Extract the lines from the first one in the records below through the line containing "3-sitziges Sofa von", keeping both ends and leaving out any pictures.

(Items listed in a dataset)
━━━━━━

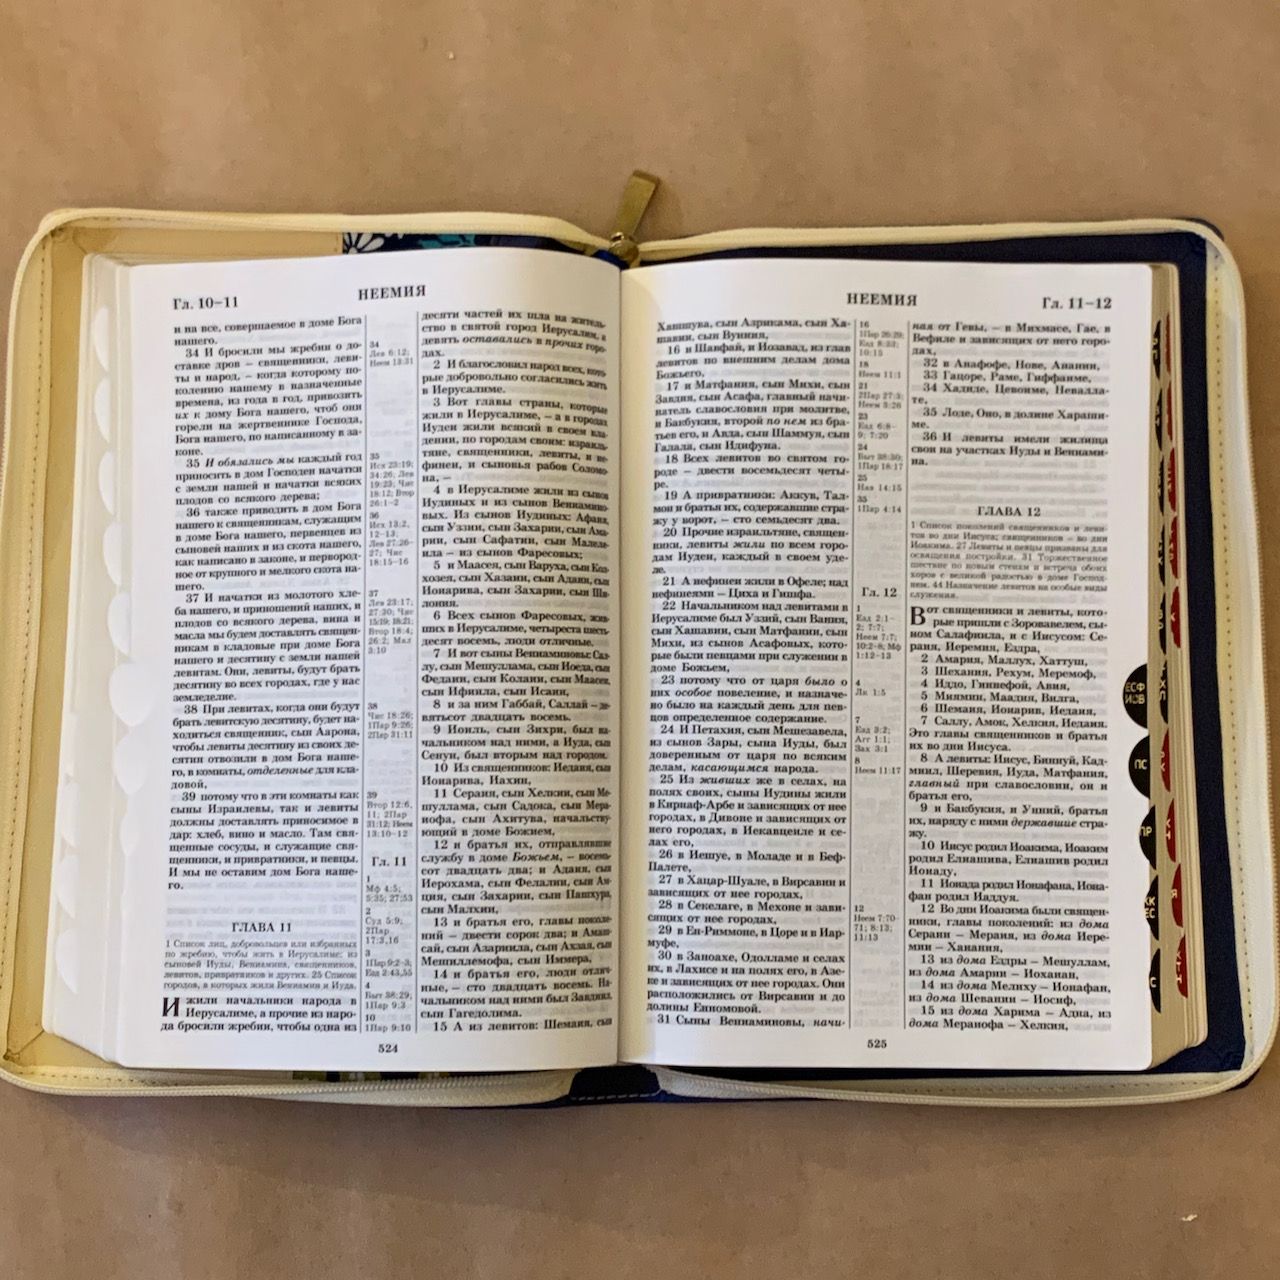 Библия 077DTzti формат, переплет из искусственной кожи на молнии с индексами, надпись золотом "Библия", цвет синий/ бежевый с тканевой вставкой из цветов, большой формат, 180*260 мм, цветные карты, крупный шрифт
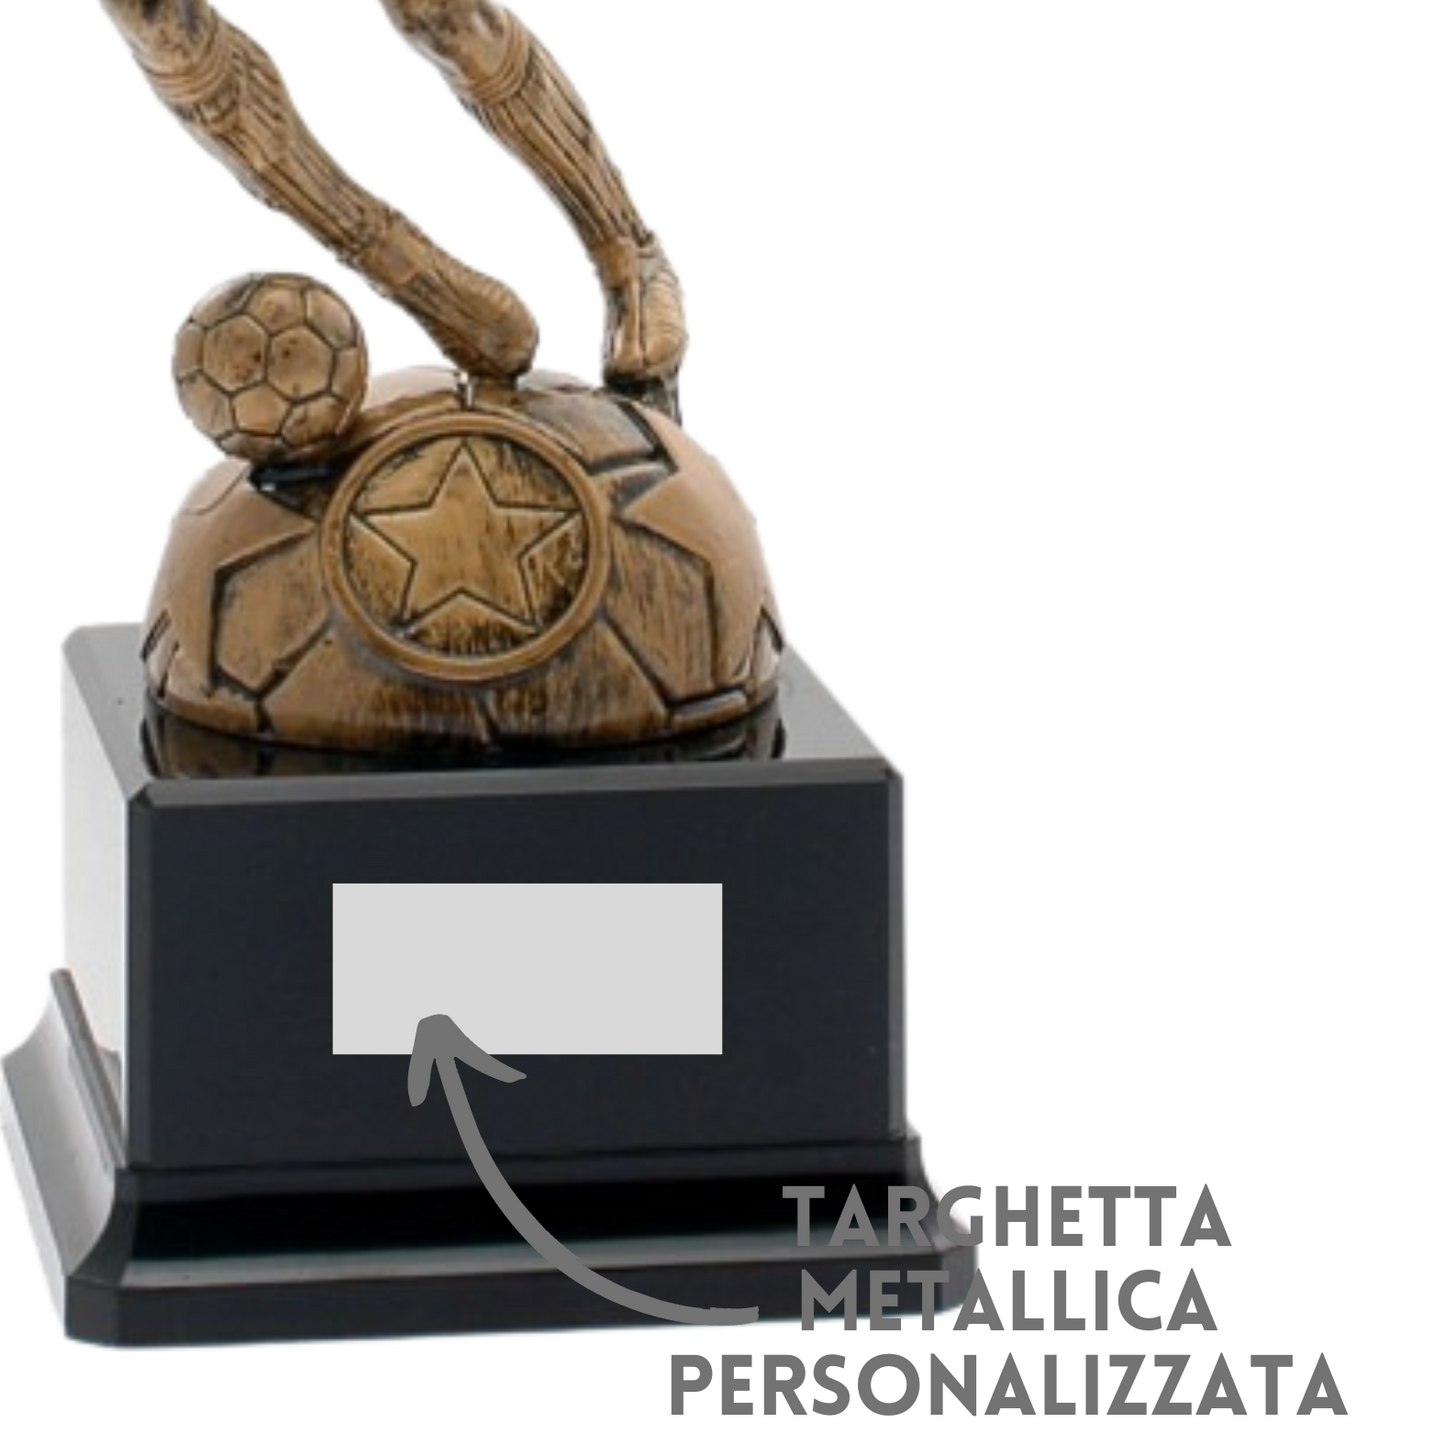 Premiazioni personalizzate premio calcio 14.543
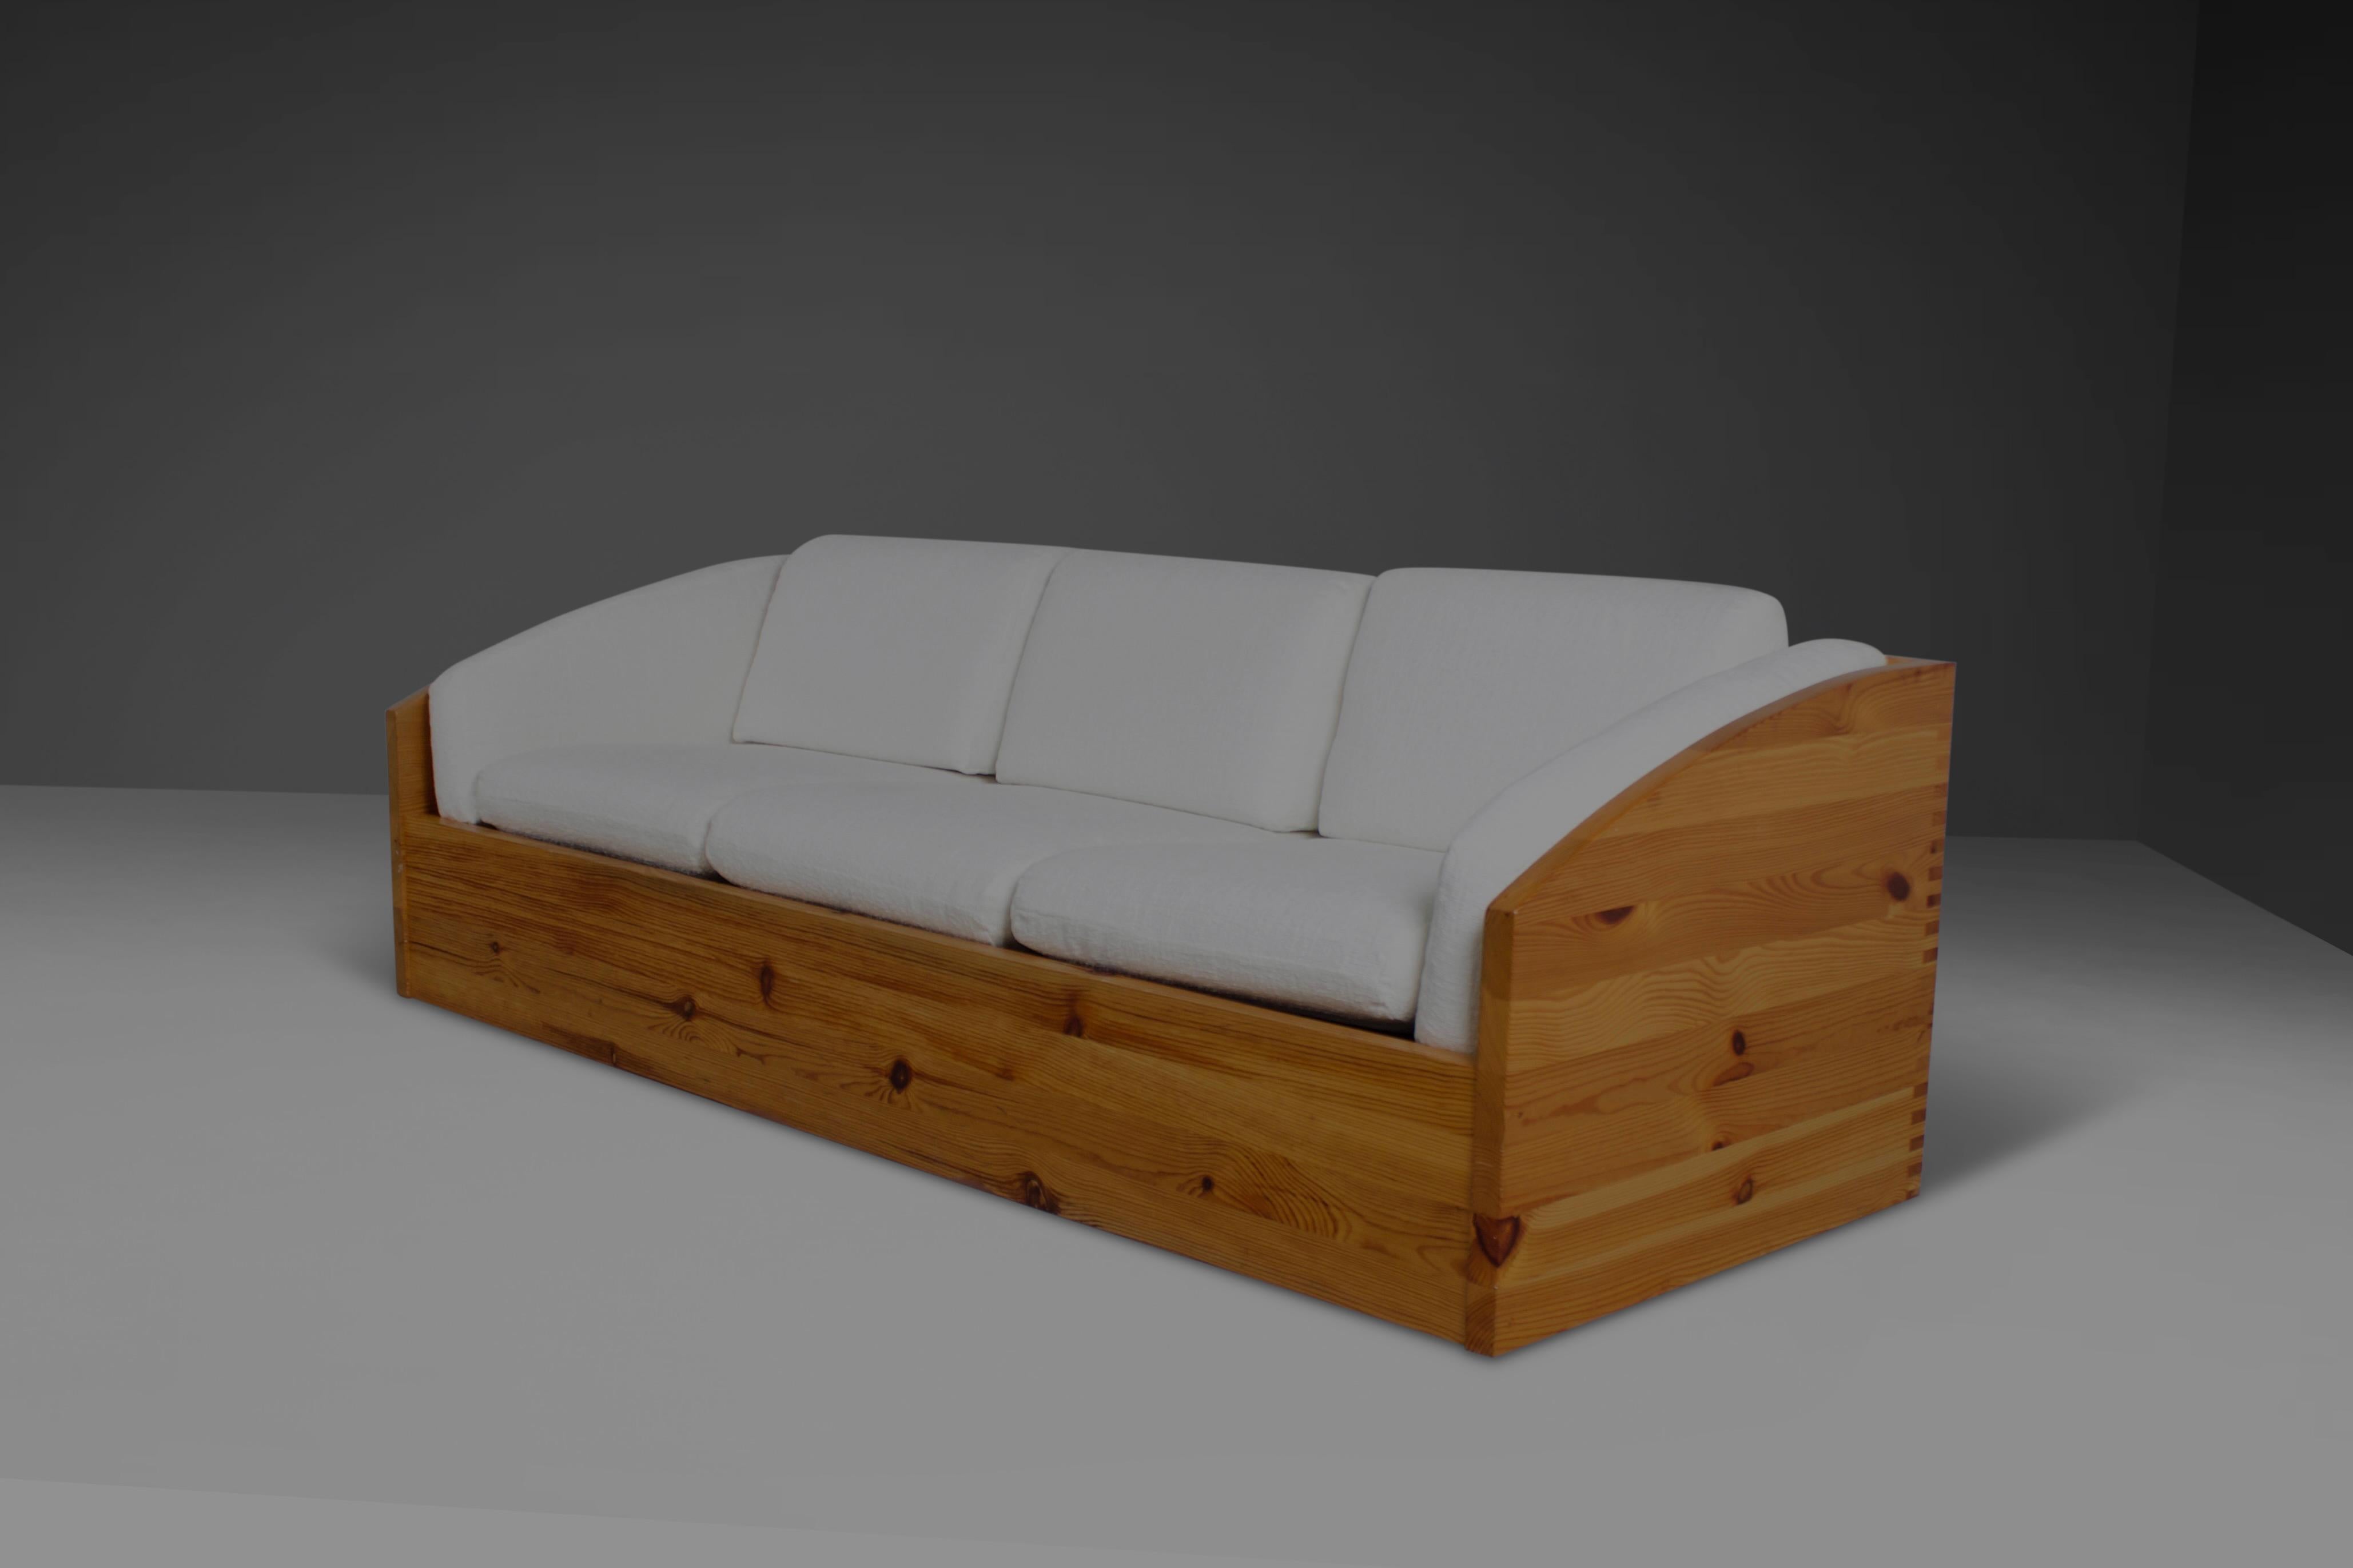 3-sitziges Sofa von Ate Van Apeldoorn in gutem Zustand. 

Das Sofa wurde in den 1970er Jahren in Holland von Houtwerk Hattem hergestellt. 

Es ist aus massivem Kiefernholz gefertigt, das durch Markenverbindungen verbunden ist. 

Die Kissen sind mit

━━━━━━

**RESPONSE AREA**
 Библия 077DTzti формат, переплет из искусственной кожи на молнии с индексами, надпись золотом "Библия", цвет синий/ бежевый с тканевой вставкой из цветов, большой формат, 180*260 мм, цветные карты, крупный шрифт
 Premiazioni personalizzate premio calcio 14.543
 3-sitziges Sofa von Ate Van Apeldoorn in gutem Zustand. 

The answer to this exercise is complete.